Stored data:
=-=-=

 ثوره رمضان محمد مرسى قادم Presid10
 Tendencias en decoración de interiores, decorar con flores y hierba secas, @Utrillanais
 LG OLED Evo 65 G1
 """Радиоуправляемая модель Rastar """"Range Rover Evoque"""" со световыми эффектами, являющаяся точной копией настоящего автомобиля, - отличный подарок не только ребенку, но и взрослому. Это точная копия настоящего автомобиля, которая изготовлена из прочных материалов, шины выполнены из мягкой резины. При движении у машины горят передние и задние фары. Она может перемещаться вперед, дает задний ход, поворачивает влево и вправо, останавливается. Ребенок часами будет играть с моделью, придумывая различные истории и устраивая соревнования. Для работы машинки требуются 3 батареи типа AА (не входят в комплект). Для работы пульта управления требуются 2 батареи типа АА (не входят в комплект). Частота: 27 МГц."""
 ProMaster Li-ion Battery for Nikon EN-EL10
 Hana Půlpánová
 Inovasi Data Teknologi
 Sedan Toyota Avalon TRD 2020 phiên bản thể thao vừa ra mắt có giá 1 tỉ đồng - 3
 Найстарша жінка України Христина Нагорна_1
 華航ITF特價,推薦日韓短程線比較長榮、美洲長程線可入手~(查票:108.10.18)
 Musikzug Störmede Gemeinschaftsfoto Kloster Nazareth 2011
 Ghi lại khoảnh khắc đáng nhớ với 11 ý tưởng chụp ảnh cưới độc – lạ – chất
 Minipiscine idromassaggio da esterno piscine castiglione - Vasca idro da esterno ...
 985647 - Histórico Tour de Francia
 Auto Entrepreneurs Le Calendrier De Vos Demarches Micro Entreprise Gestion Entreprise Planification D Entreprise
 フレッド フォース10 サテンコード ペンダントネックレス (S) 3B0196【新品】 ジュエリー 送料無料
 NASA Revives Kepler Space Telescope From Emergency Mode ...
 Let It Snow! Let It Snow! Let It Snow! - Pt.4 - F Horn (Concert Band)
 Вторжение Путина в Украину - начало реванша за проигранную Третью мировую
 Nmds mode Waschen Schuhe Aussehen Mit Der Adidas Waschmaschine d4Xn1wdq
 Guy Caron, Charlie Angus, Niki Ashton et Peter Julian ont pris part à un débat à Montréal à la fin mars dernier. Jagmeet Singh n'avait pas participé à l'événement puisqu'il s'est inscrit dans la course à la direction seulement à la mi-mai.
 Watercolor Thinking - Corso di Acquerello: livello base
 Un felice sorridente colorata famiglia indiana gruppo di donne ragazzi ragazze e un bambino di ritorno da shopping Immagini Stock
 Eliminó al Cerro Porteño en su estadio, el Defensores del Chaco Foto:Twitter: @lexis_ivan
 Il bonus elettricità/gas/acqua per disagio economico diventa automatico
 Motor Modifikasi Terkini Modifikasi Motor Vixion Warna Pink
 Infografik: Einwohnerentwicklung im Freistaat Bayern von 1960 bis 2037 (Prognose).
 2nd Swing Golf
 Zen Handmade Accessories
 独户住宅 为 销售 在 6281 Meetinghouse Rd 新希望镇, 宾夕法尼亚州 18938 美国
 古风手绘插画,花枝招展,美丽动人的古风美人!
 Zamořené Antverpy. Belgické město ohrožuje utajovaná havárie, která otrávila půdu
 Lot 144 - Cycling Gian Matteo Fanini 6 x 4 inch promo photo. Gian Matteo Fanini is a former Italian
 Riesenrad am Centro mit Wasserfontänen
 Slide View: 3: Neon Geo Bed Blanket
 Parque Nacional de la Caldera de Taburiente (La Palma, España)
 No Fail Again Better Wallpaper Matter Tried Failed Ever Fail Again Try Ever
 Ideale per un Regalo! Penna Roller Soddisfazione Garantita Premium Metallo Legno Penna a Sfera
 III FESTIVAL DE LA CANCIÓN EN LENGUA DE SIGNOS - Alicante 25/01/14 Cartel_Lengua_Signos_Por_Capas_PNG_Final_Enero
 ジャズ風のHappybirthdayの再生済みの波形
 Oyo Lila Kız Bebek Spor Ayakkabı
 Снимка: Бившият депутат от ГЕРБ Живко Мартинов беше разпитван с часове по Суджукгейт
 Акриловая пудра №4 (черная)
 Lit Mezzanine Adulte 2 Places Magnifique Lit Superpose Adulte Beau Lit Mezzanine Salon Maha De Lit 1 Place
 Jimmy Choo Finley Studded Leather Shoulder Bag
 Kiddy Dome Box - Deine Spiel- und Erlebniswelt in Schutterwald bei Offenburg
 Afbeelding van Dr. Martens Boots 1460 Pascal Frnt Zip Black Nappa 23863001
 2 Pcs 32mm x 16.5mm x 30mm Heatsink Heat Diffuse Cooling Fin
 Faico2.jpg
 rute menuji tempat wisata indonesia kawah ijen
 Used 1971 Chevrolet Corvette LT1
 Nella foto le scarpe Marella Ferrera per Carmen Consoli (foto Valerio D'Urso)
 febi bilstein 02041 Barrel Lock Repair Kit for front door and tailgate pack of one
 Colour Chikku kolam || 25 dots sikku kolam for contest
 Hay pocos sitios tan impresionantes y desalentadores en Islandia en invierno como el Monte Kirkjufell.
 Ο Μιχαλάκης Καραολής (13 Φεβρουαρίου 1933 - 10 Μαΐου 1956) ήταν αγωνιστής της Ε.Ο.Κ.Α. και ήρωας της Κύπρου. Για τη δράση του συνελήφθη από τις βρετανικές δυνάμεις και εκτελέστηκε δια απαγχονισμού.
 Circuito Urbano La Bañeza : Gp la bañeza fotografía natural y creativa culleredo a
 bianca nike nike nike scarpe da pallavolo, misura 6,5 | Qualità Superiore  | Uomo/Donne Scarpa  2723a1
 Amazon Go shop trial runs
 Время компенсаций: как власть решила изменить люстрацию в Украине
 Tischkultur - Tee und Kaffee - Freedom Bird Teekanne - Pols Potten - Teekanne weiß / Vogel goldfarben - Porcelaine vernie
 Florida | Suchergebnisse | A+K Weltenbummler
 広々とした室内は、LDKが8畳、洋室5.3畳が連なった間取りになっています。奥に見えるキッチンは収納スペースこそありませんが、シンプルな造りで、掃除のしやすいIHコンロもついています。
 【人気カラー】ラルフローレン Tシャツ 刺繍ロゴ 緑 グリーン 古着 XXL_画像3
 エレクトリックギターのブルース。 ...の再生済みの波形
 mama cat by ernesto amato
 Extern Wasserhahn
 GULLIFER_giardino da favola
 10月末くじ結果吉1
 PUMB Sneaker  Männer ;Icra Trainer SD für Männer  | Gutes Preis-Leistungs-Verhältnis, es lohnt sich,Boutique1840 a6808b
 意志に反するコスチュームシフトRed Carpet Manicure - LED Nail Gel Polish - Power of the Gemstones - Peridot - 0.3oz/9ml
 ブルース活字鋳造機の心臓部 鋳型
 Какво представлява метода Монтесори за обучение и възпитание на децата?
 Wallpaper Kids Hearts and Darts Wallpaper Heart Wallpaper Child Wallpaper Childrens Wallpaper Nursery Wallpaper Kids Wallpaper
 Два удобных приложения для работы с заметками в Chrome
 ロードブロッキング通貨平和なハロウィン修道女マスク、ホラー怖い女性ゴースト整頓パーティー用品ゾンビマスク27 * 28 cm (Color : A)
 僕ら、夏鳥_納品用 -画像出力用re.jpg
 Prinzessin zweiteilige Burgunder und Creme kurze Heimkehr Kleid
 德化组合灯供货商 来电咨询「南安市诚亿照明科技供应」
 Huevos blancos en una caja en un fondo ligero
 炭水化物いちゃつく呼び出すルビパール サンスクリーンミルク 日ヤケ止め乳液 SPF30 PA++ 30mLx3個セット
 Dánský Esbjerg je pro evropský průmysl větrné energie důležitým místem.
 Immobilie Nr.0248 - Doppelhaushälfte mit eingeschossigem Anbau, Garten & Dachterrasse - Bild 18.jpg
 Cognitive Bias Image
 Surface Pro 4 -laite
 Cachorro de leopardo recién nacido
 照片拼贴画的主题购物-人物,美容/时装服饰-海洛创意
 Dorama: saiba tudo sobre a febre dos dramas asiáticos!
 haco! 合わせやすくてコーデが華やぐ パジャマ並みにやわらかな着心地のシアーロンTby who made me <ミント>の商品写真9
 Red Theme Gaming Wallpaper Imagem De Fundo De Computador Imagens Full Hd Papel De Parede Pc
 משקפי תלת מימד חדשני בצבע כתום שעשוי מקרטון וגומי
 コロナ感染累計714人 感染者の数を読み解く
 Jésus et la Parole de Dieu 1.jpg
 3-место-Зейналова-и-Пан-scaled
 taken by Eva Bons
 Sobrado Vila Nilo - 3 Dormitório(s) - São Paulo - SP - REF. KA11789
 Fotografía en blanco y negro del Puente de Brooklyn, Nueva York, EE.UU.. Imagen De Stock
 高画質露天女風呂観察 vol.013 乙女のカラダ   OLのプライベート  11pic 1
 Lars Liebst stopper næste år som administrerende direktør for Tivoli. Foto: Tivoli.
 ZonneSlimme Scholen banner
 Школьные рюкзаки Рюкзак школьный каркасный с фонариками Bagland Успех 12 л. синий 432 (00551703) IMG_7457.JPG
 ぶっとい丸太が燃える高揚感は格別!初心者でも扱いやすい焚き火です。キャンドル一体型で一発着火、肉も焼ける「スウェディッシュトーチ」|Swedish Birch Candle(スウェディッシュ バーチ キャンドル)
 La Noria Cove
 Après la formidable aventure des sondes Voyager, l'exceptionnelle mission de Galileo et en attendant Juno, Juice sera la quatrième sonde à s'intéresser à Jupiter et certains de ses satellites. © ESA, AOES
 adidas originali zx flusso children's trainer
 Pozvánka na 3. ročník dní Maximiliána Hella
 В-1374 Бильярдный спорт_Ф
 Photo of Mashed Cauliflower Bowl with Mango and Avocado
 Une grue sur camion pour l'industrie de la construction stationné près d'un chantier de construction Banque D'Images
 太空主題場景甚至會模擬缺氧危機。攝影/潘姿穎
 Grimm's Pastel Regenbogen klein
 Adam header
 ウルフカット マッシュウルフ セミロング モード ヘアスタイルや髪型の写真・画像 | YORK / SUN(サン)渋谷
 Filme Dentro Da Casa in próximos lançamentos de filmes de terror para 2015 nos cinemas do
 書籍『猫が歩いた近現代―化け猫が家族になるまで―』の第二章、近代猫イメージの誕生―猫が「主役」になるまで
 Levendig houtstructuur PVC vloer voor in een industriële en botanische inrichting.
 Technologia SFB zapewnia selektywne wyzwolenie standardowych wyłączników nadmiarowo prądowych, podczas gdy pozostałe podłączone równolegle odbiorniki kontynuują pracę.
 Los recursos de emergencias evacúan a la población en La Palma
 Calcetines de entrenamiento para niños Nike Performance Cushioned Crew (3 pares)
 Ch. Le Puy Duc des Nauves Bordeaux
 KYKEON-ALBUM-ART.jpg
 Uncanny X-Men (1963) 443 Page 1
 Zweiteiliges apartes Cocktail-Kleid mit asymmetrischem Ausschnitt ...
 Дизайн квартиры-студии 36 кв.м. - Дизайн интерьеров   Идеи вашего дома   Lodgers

=-=-=

What to work on: From the data above, output only the lines between the line containing "ブルース活字鋳造機の心臓部 鋳型" and the line containing "haco! 合わせやすくてコーデが華やぐ パジャマ並みにやわらかな着心地のシアーロンTby", inclusive, exactly as written.

Solution for this problem:
 ブルース活字鋳造機の心臓部 鋳型
 Какво представлява метода Монтесори за обучение и възпитание на децата?
 Wallpaper Kids Hearts and Darts Wallpaper Heart Wallpaper Child Wallpaper Childrens Wallpaper Nursery Wallpaper Kids Wallpaper
 Два удобных приложения для работы с заметками в Chrome
 ロードブロッキング通貨平和なハロウィン修道女マスク、ホラー怖い女性ゴースト整頓パーティー用品ゾンビマスク27 * 28 cm (Color : A)
 僕ら、夏鳥_納品用 -画像出力用re.jpg
 Prinzessin zweiteilige Burgunder und Creme kurze Heimkehr Kleid
 德化组合灯供货商 来电咨询「南安市诚亿照明科技供应」
 Huevos blancos en una caja en un fondo ligero
 炭水化物いちゃつく呼び出すルビパール サンスクリーンミルク 日ヤケ止め乳液 SPF30 PA++ 30mLx3個セット
 Dánský Esbjerg je pro evropský průmysl větrné energie důležitým místem.
 Immobilie Nr.0248 - Doppelhaushälfte mit eingeschossigem Anbau, Garten & Dachterrasse - Bild 18.jpg
 Cognitive Bias Image
 Surface Pro 4 -laite
 Cachorro de leopardo recién nacido
 照片拼贴画的主题购物-人物,美容/时装服饰-海洛创意
 Dorama: saiba tudo sobre a febre dos dramas asiáticos!
 haco! 合わせやすくてコーデが華やぐ パジャマ並みにやわらかな着心地のシアーロンTby who made me <ミント>の商品写真9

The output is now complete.